◆ Exercise prompt:
Each line below should be repeated exactly, but no picture should be carried over.

◆ Given information:
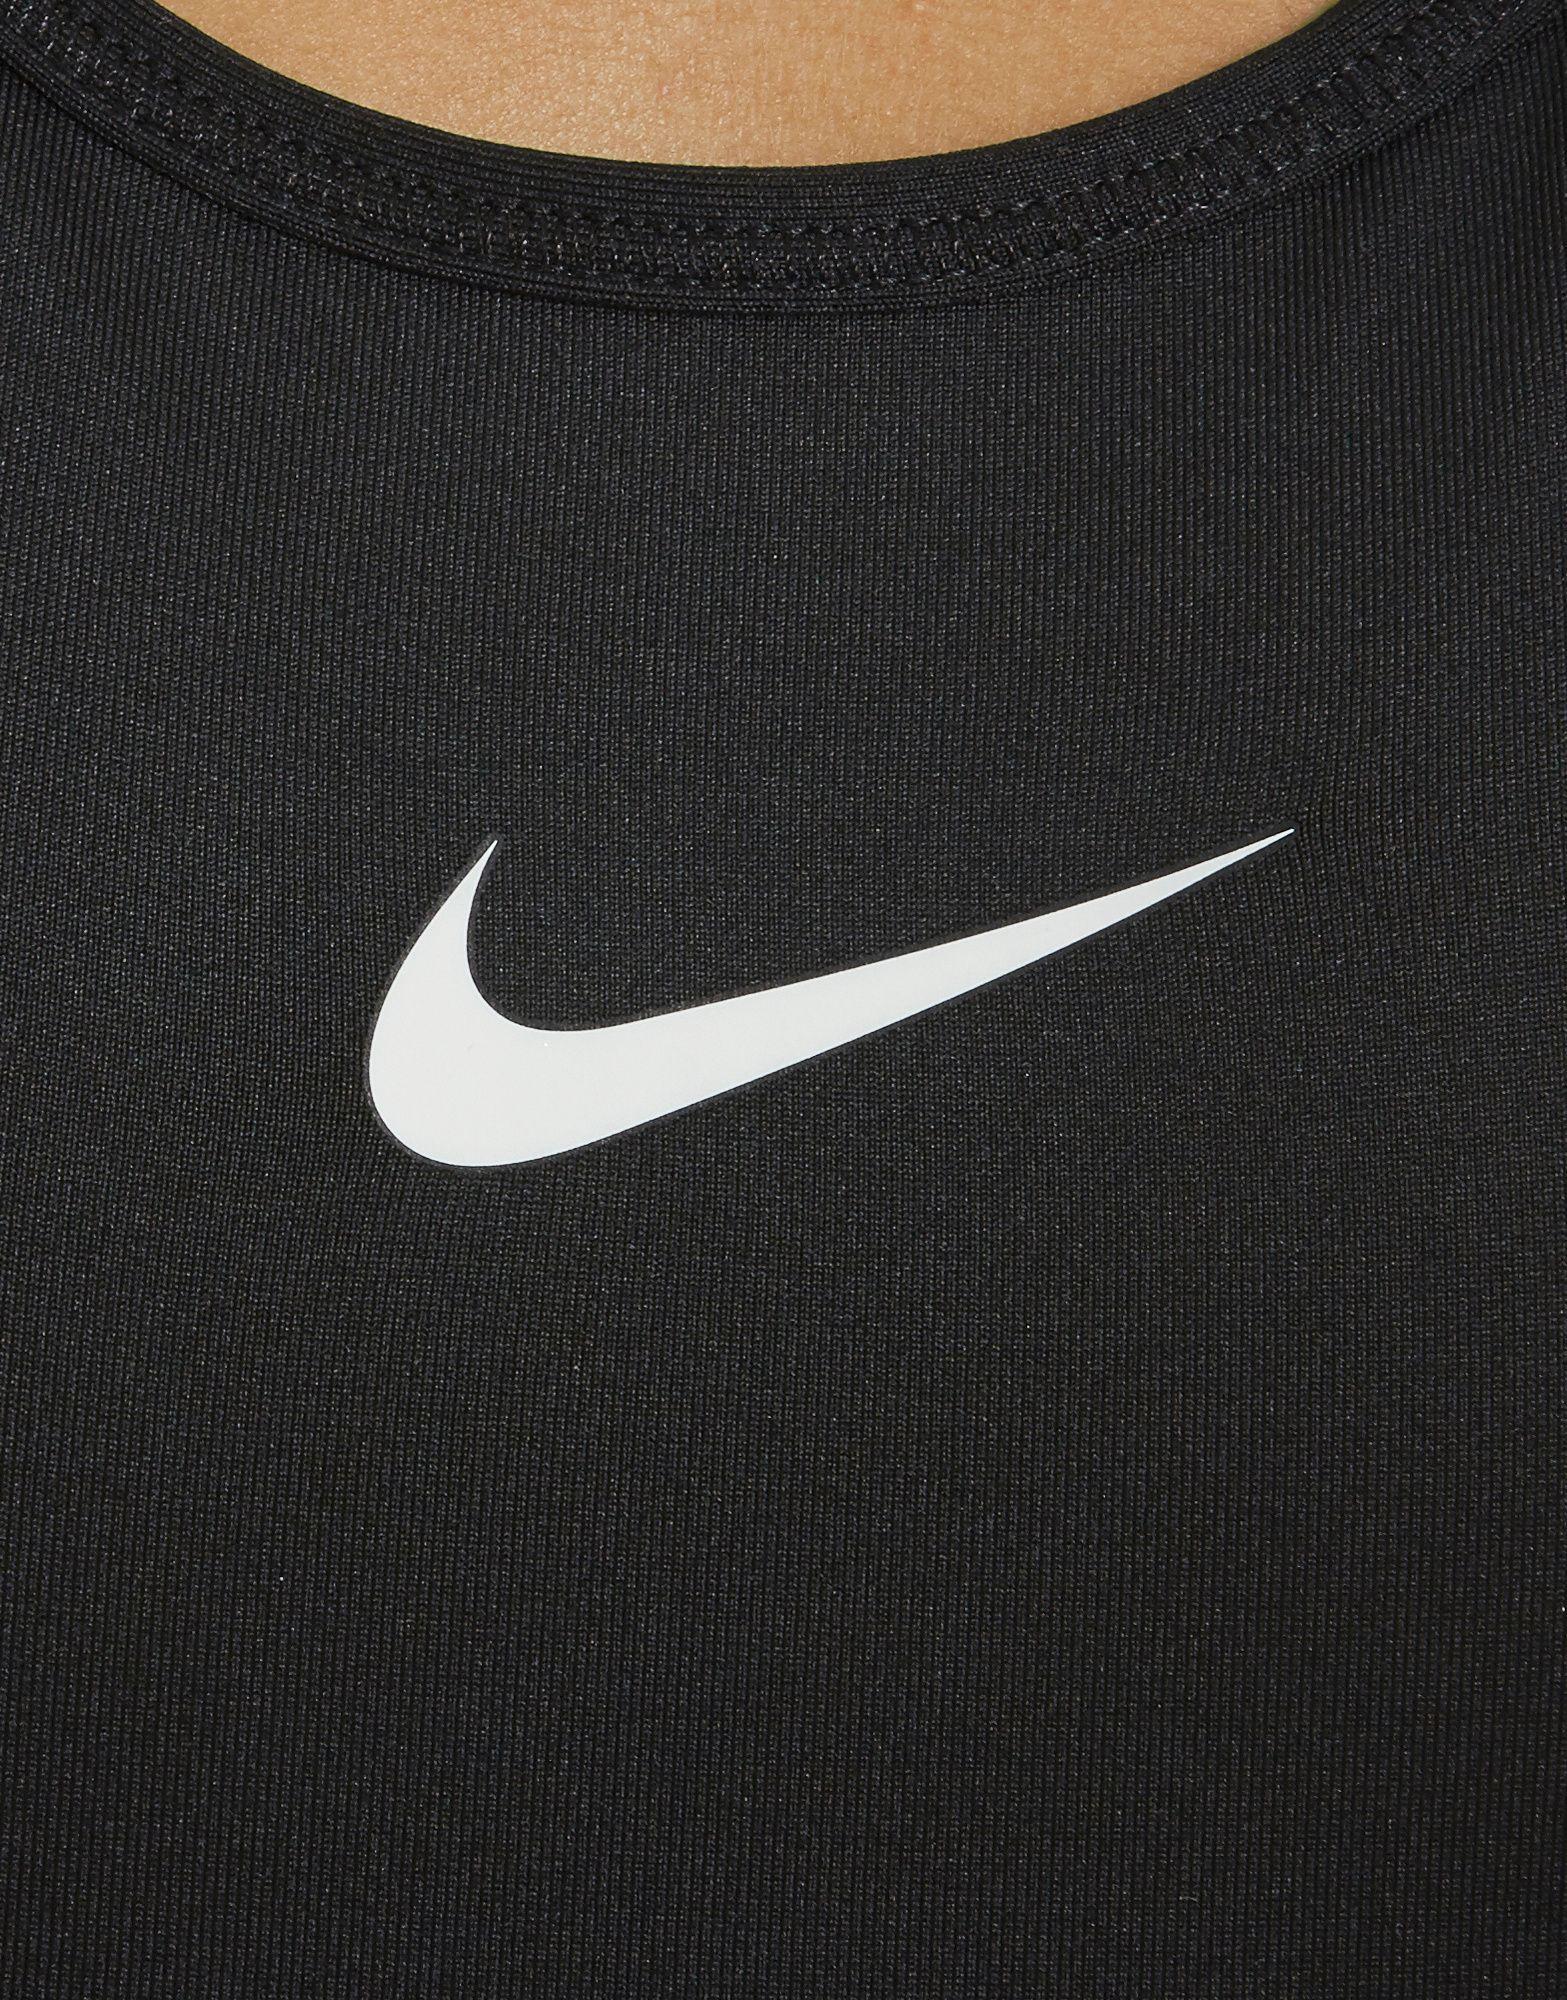 Nike Pro Airbourne Sports Bra
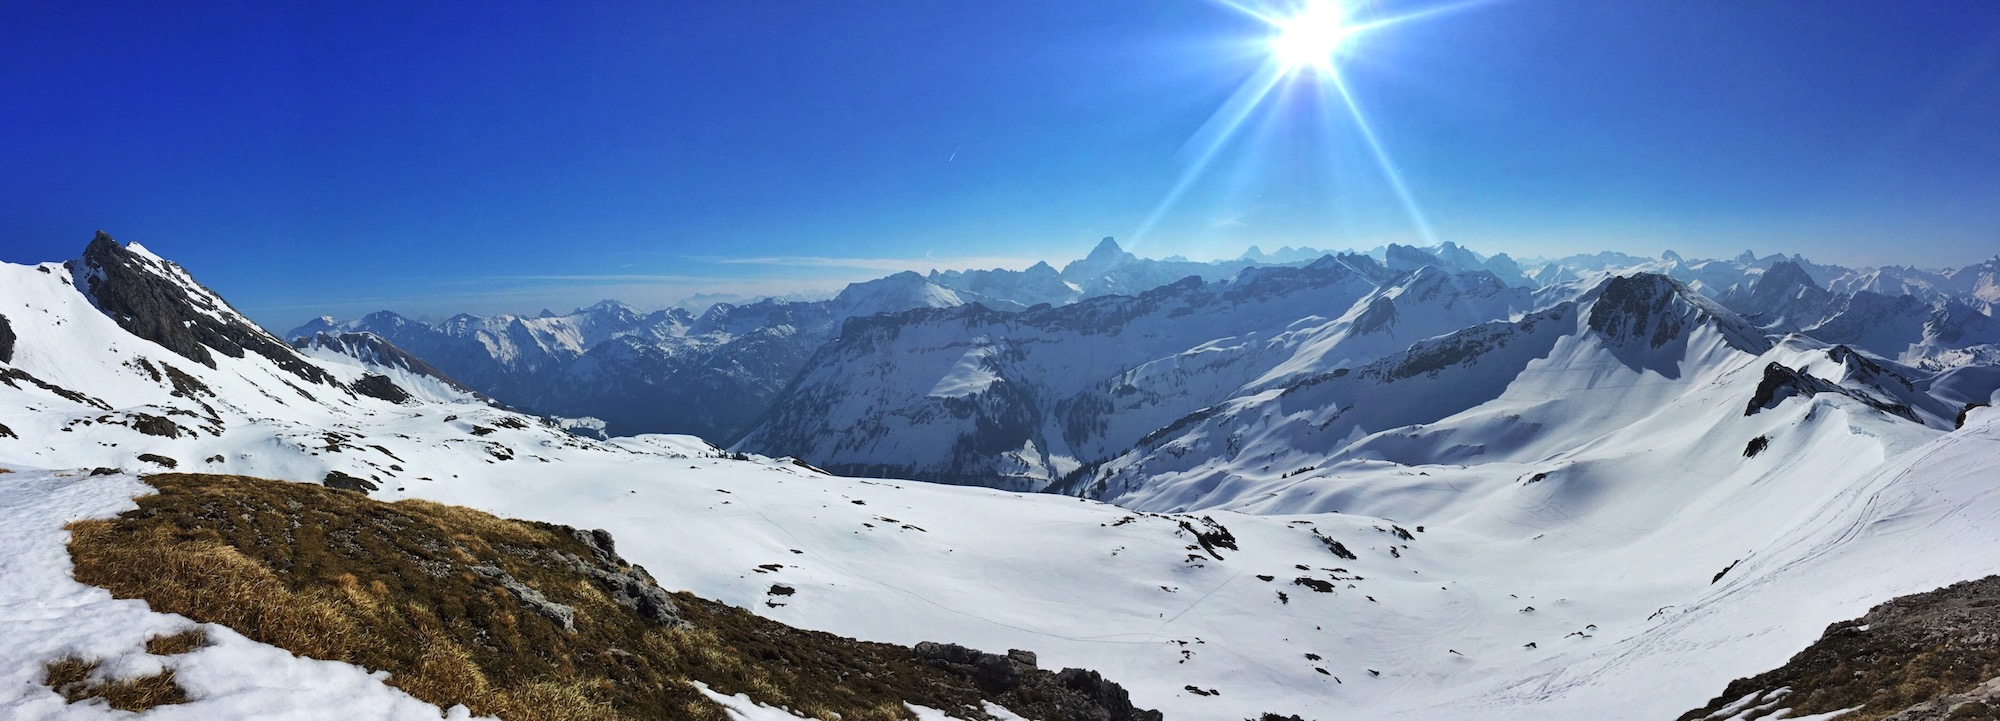 Winterpanorama am Nebelhorn
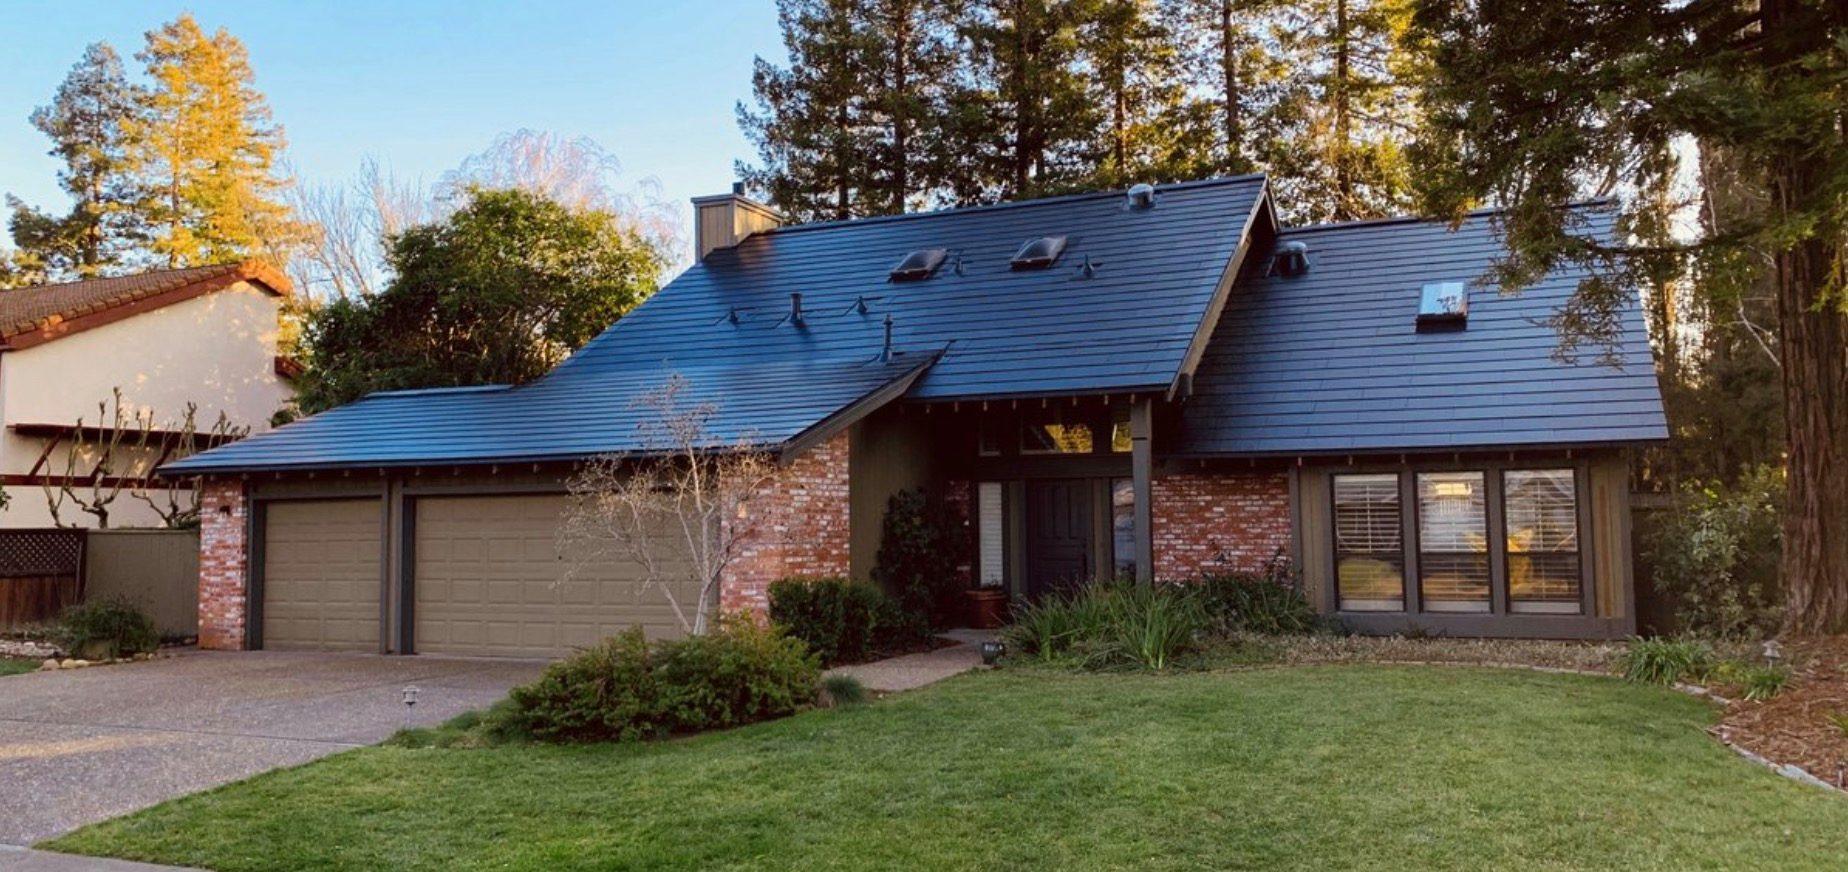 Elon Musk: Tesla's next 'killer product' solar roof
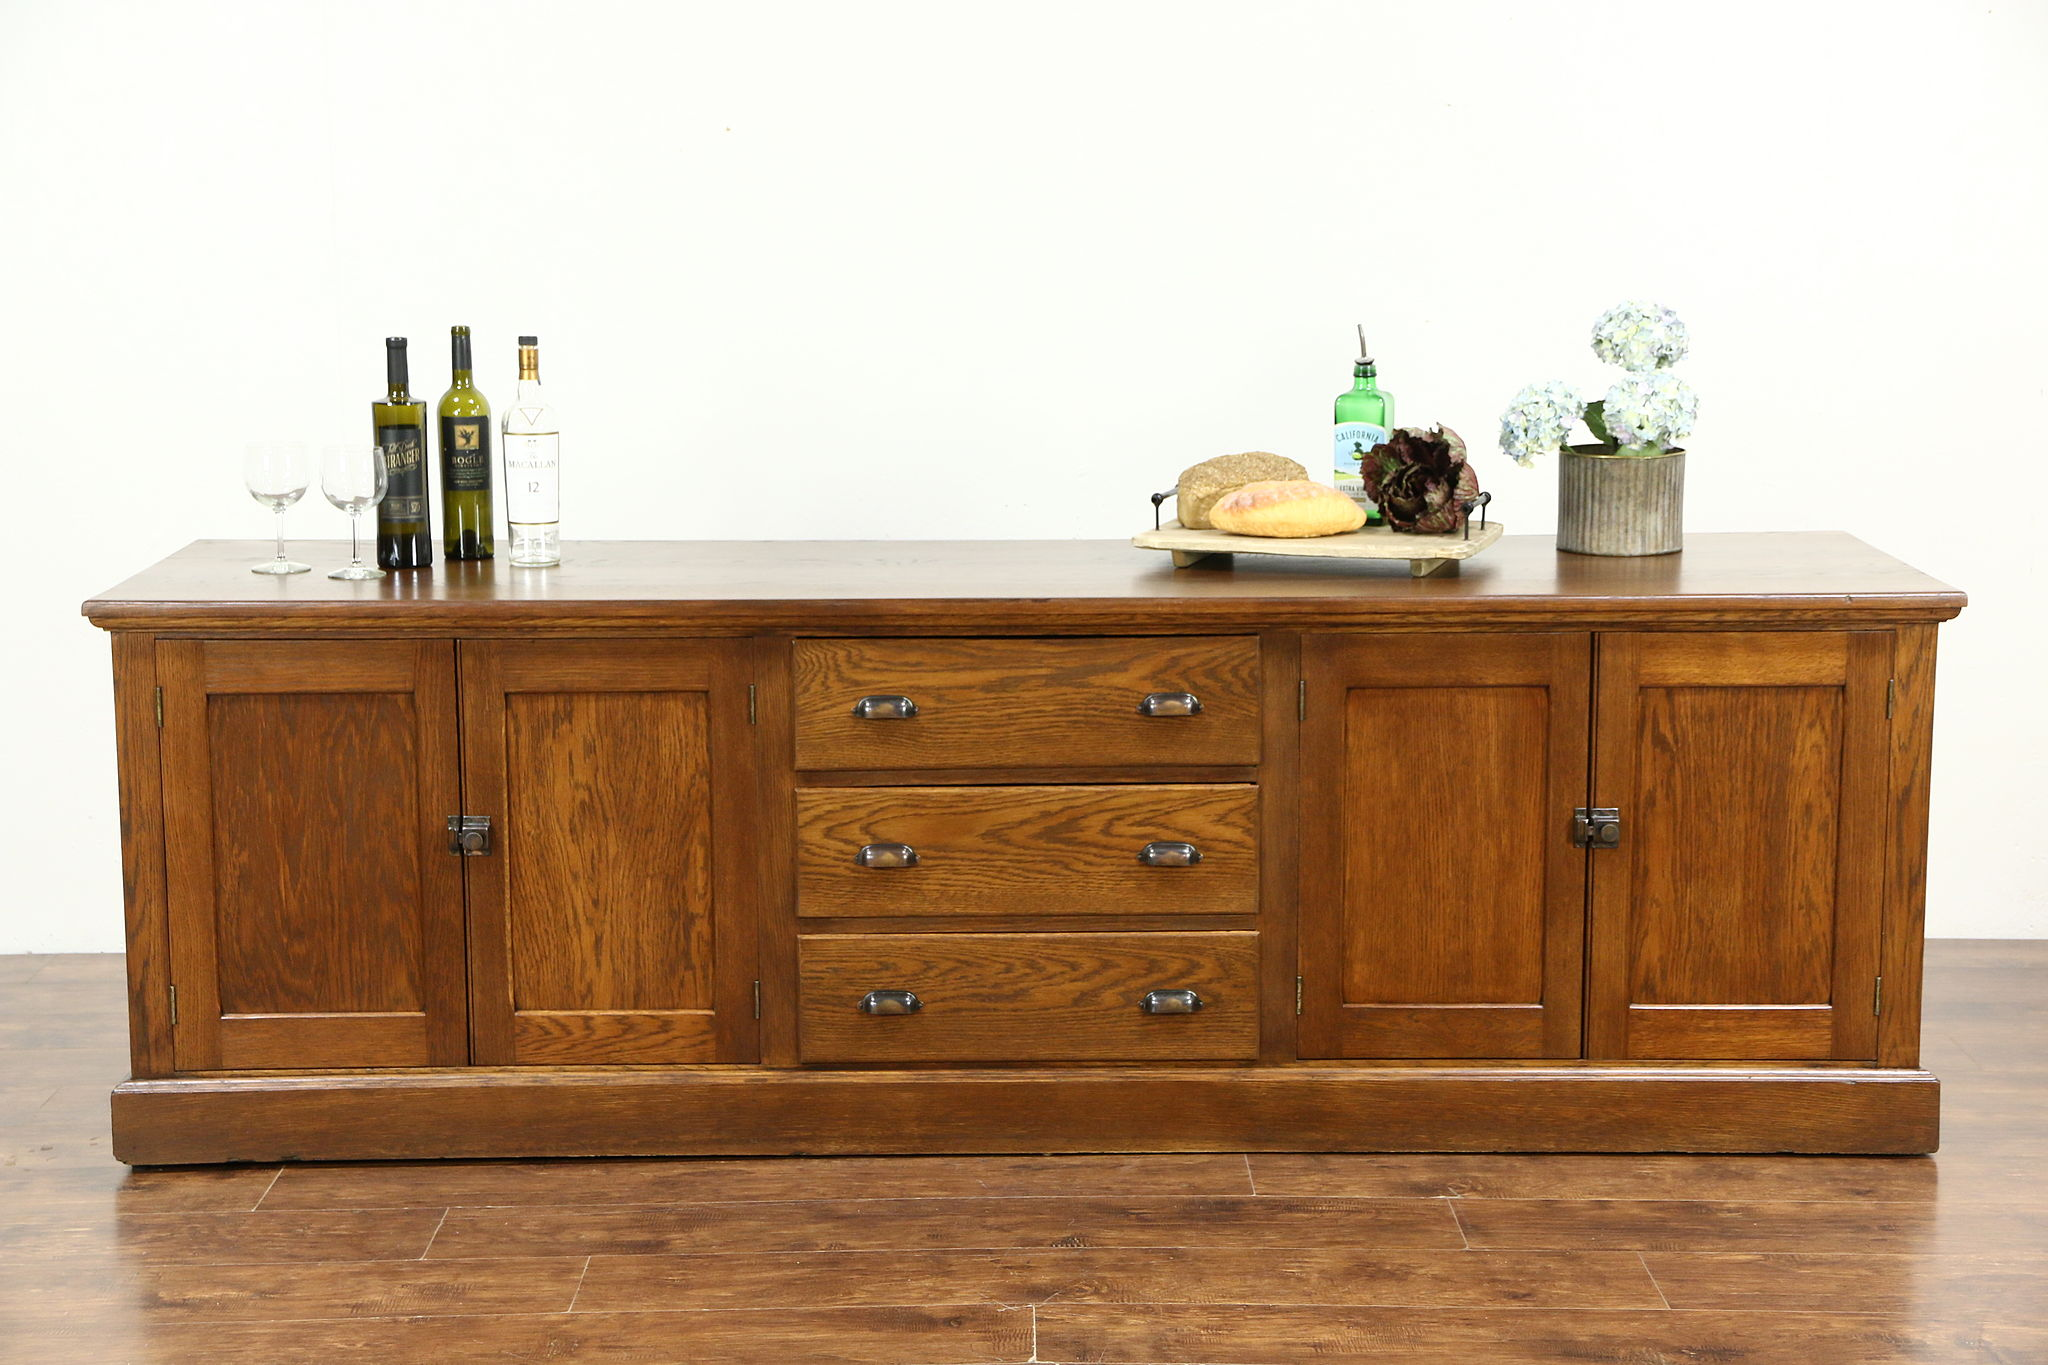 Oak 1900 Antique 8u0027 Kitchen Counter, Sideboard Or TV Console Cabinet

◆ Written answer:
 Nike Pro Airbourne Sports Bra
 Winterpanorama am Nebelhorn
 Elon Musk: Tesla's next 'killer product' solar roof
 Oak 1900 Antique 8u0027 Kitchen Counter, Sideboard Or TV Console Cabinet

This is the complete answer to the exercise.